Mechanistic aspects of ascorbate inhibition of human
immunodeficiency virus.
Chem Biol Interact 1994 Jun;91(2-3):207-15 (ISSN: 0009-2797)
Harakeh S; Niedzwiecki A; Jariwalla RJ
Viral Carcinogenesis and Immunology Program, Linus Pauling Institute of
Science and Medicine, Palo Alto, CA 94306.

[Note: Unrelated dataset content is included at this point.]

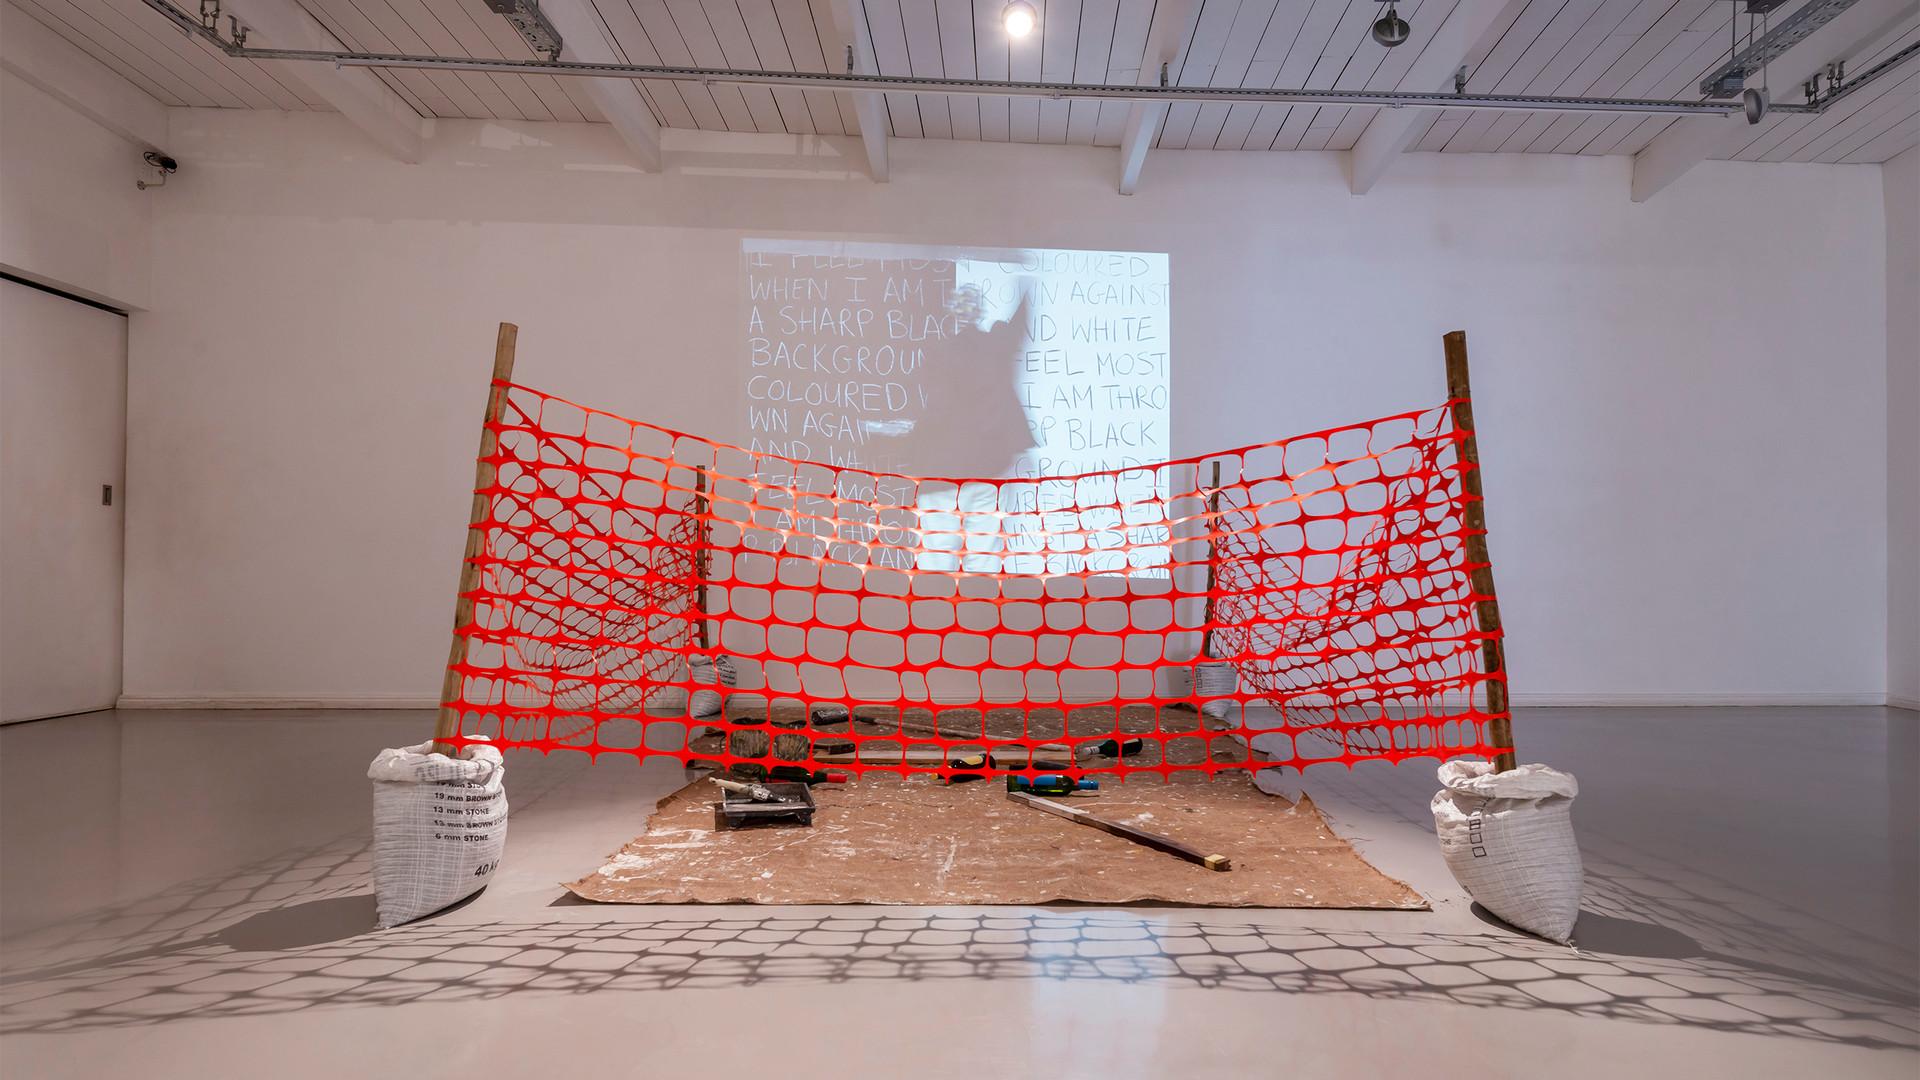 Rory Emmett | Reprise | 2020 | Installation View

We have investigated the molecular basis of the inhibitory effect of
ascorbate (vitamin C) on human immunodeficiency virus (HIV) expression
in unstimulated chronically infected and reporter cell lines. Comparison
of intracellular HIV RNA and protein patterns of ascorbate-treated cells
with corresponding patterns of untreated controls, did not show significant
differences in the synthesis or processing of individual viral RNA and
polypeptides, indicating that the inhibitory effect of ascorbate is not
directed at steps of viral transcription or translation. Enzyme assays
on cell extracts showed that the activity of an HIV LTR-directed reporter
protein made in ascorbate-treated cells was reduced to approximately 11%
relative to that of untreated control. These results, combined with previous
observations on the suppression of HIV RT activity, are consistent with
a mechanism of action in which ascorbate exerts a posttranslational inhibitory
effect on HIV by causing impairment of enzymatic activity.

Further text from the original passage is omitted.